When it comes to rating movies and shows, stars reflect the preferences that people want to have, rather than how people actually behave. Todd gave the example of users giving 5 stars to a documentary but just 3 stars to an Adam Sandler movie that they watched over and over again. “What you do versus what you say you like are different things,” said Todd."
If Netflix was trying to ensure that what I was mostly likely to watch next had the highest star rating, no wonder they gave up on it. Our opinion of the quality of something is not a good predictor of our likelihood of watching it.
Their users are surely not confused about that. So why does Netflix want to present a prediction as a rating? Is it to flatter their users by telling them that the thing that feels instantly gratifying right now is actually an amazing movie? "Hey, great choice. Billy Madison is a five-star movie. What? Why would you feel bad about not watching Raging Bull instead? It's a two-and-a-half star movie at best."
In other words, Netflix, like Facebook, like Doritos, is engineering itself for maximum addictiveness without regard for honesty. It will shelter you from even what you know and reassure you that whatever triggers a pleasure response in your brain is the best. Relax and enjoy it.
The truth is that we consume easy things a lot more often than we challenging things. It would be exhausting otherwise. But the best things are often the most challenging. We know that, we know that easy movies are just a way to kill time, but Netflix wants to do us the service of helping us forget it, because then we might be 1% more at ease when we watch Netflix and 1% less likely to switch to another service.
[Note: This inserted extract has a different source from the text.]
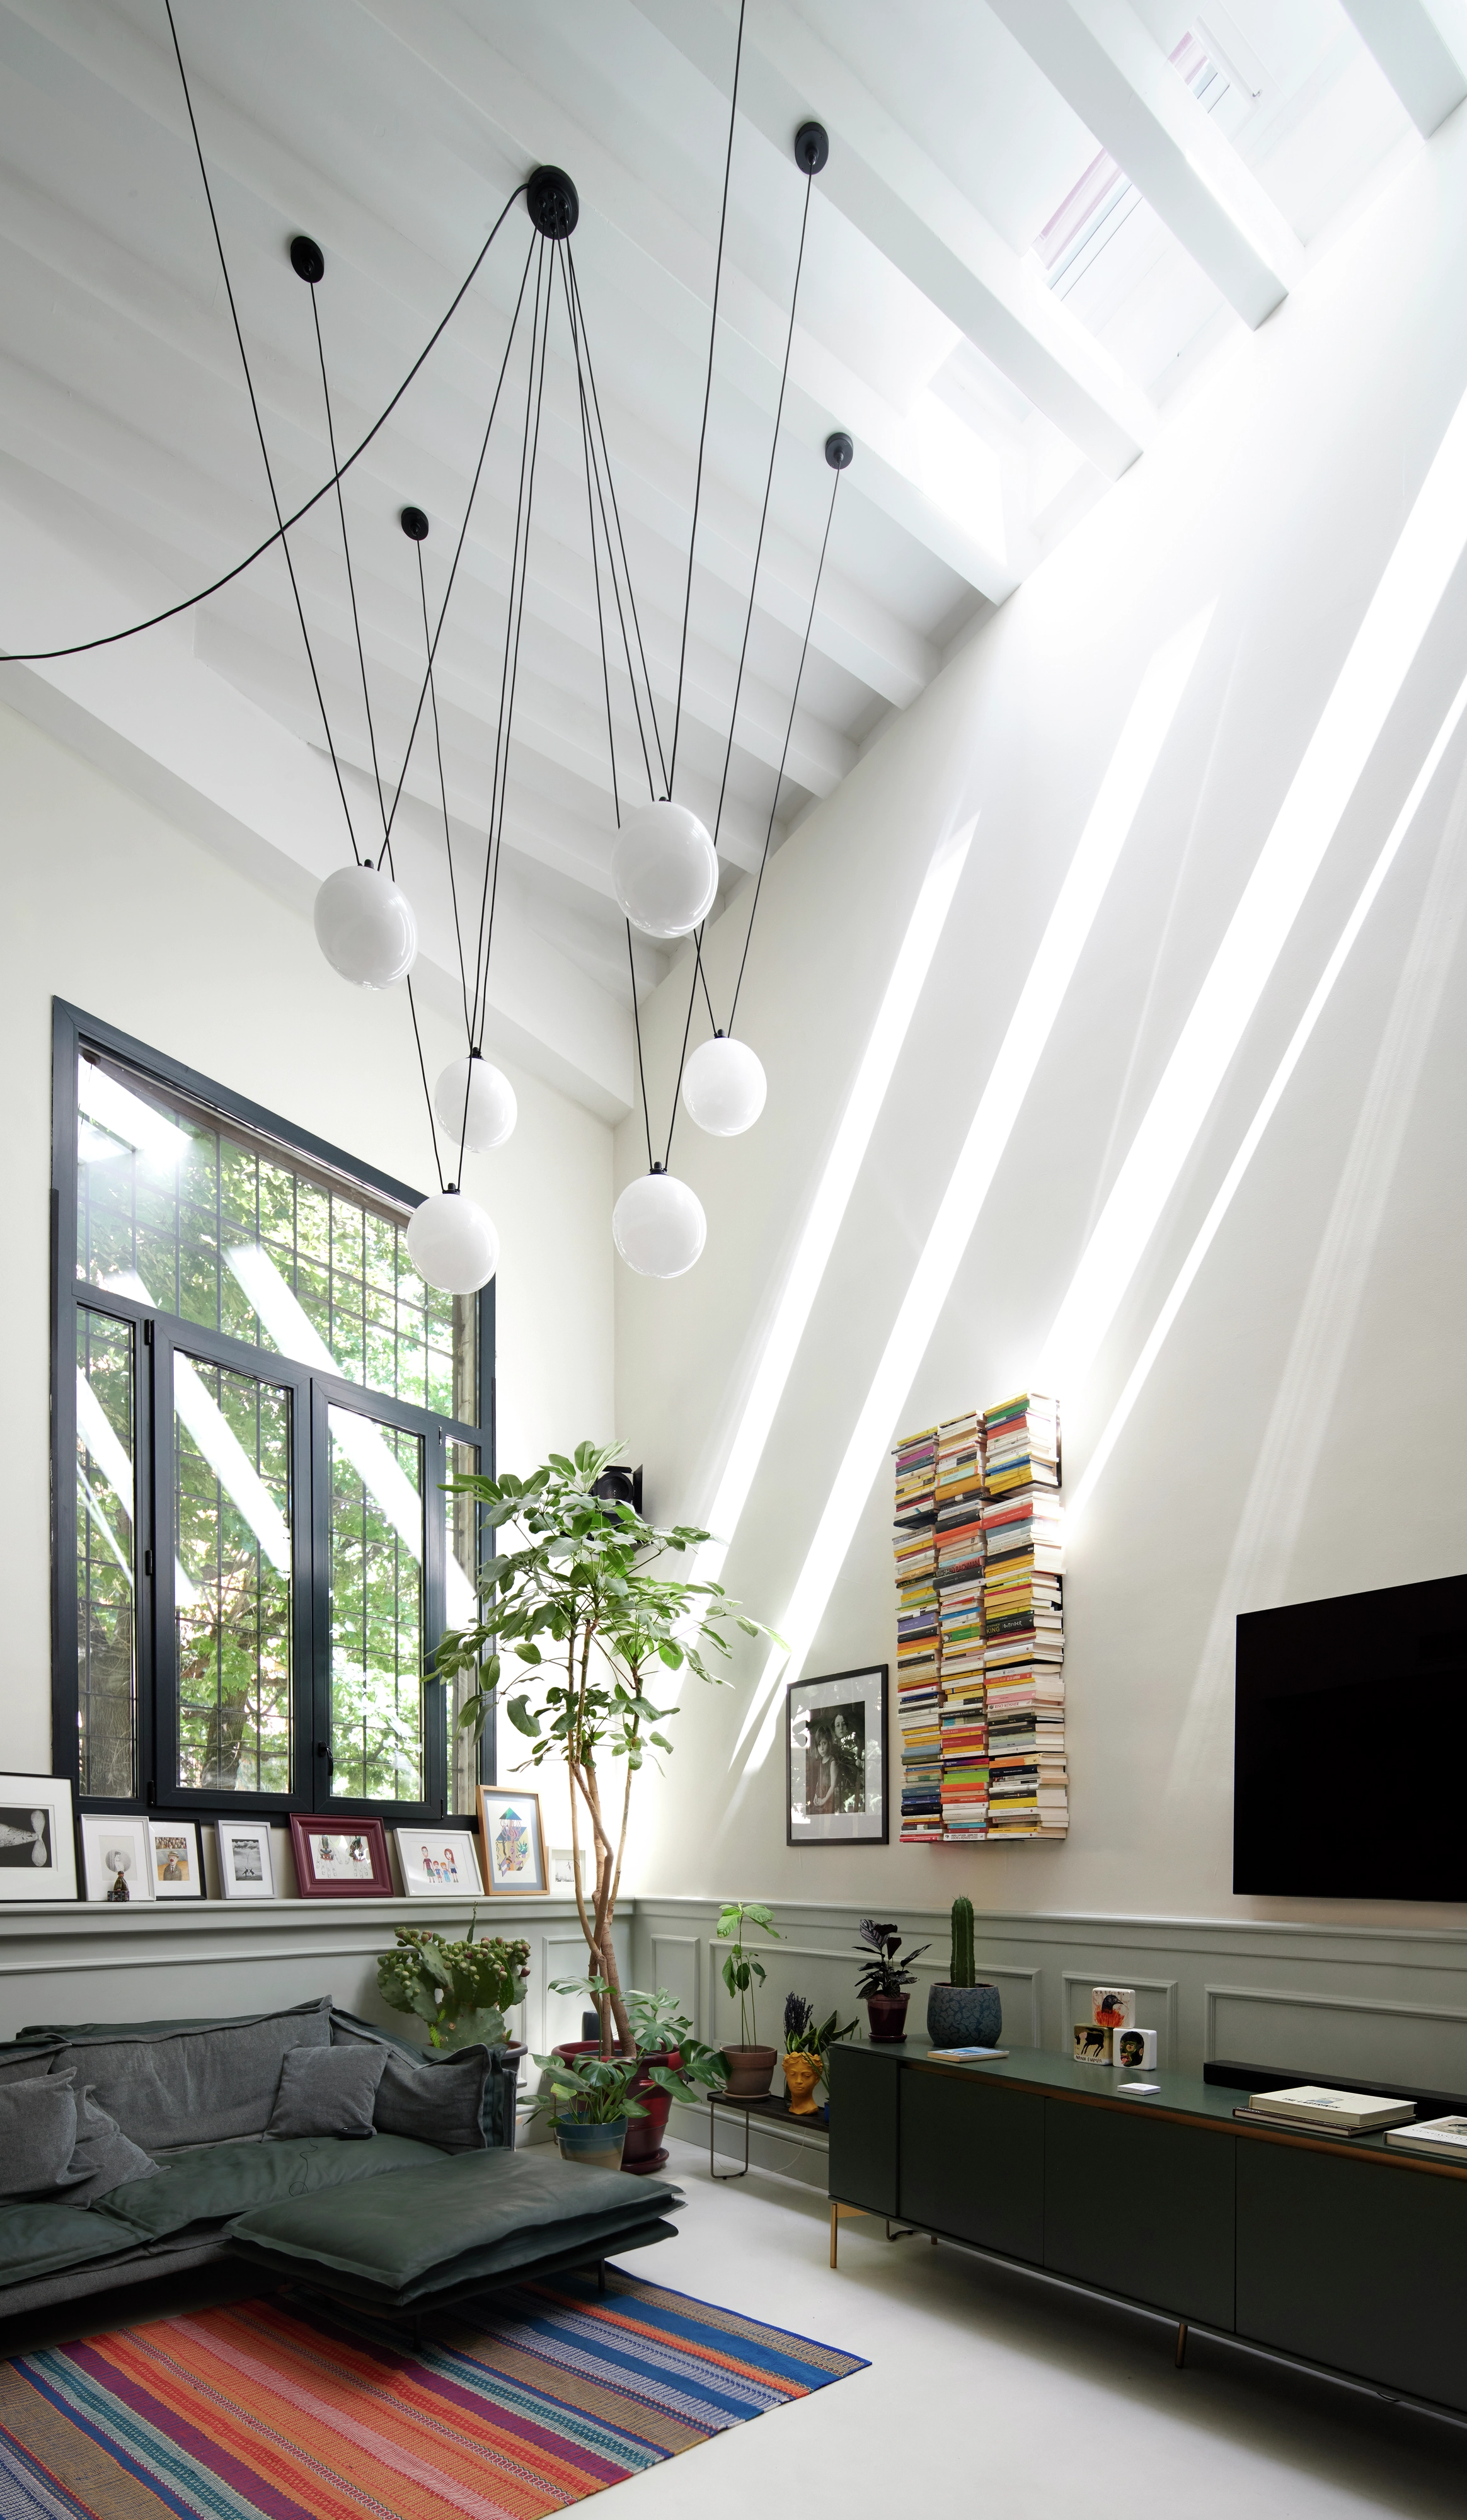 Salon lumineux avec des fenêtres de toit VELUX, décoration moderne et lumières sphériques suspendues.

>When it comes to rating movies and shows, stars reflect the preferences that people want to have, rather than how people actually behave. Todd gave the example of users giving 5 stars to a documentary but just 3 stars to an Adam Sandler movie that they watched over and over again. “What you do versus what you say you like are different things,” said Todd."
There's a reasonable objection to this behavioral definition of "like", which is that it doesn't actually make people's lives better, it just fills them with more compulsive behavior. It's not necessarily "irrational" to wish you were more patient, or to want to ask Netflix to show you useful things rather than useless fluff. That you occasionally betray your stated goals does not mean you should be denied the right of self-definition.
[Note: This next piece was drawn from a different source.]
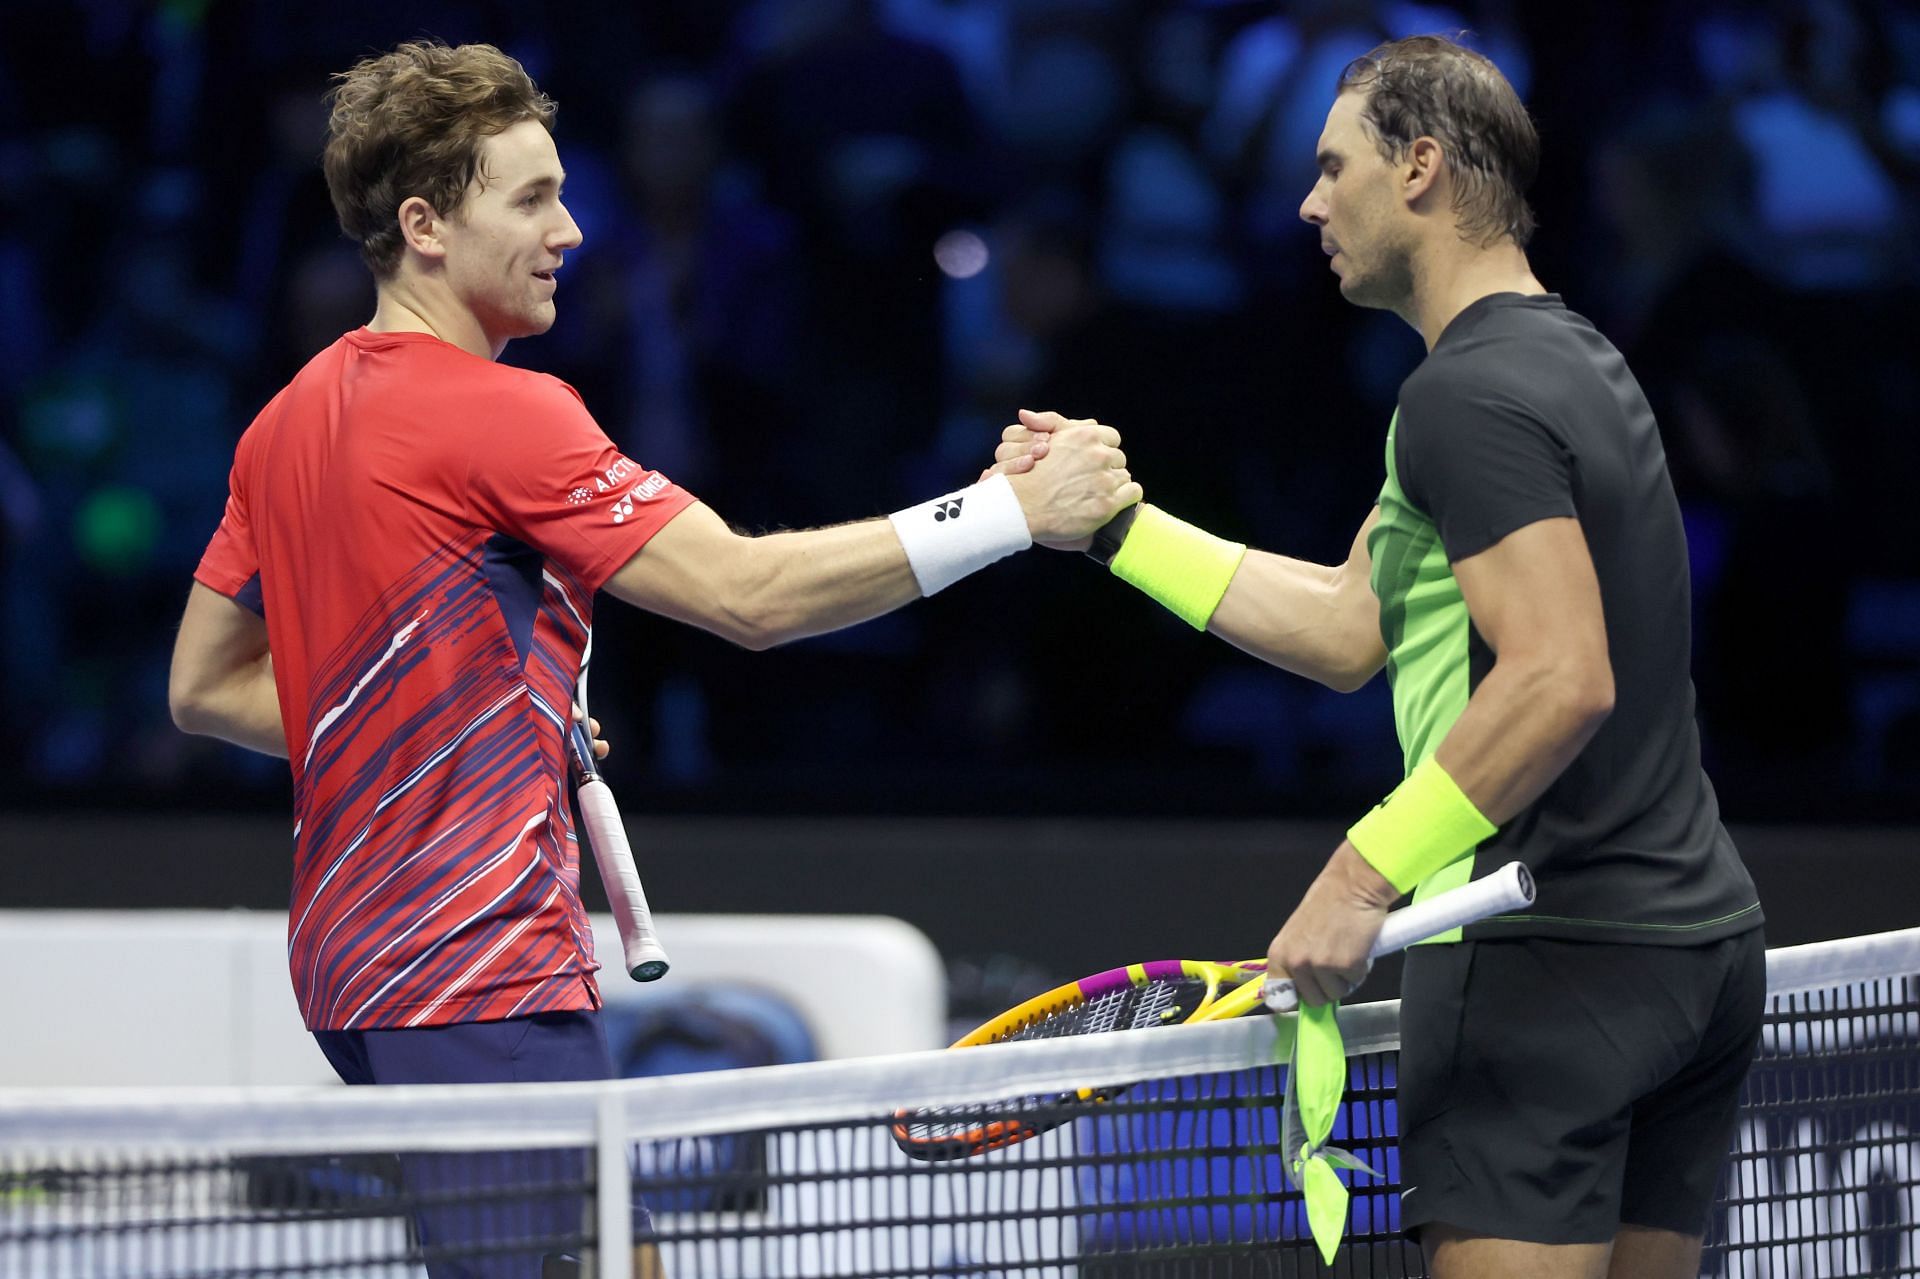 Casper Ruud (L) congratulates Rafael Nadal after their match at the 2022 ATP Finals

In other words, what people say they like is more important, to me at least. See eg "Thinking Fast and Slow" by Kahneman.
I can't agree more - I'm a huge proponent for star rating systems. I get that they are perhaps more complicated than a Boolean value, but they help me out personally.
I miss the days of "tap tap scroll four clicks" on the iPod to help me rate new music, specifically.
Thumbs up/down might not be the best for training a recommendation engine, but as someone who just switched his product's rating system from 1-5 to simple up/down, let me tell you: people have no idea how to use a star rating system. I would get people raving but leave a 1 star review, some people would leave a 5 star review and say bad things, some would leave a 1 star review but seem pretty neutral in their review.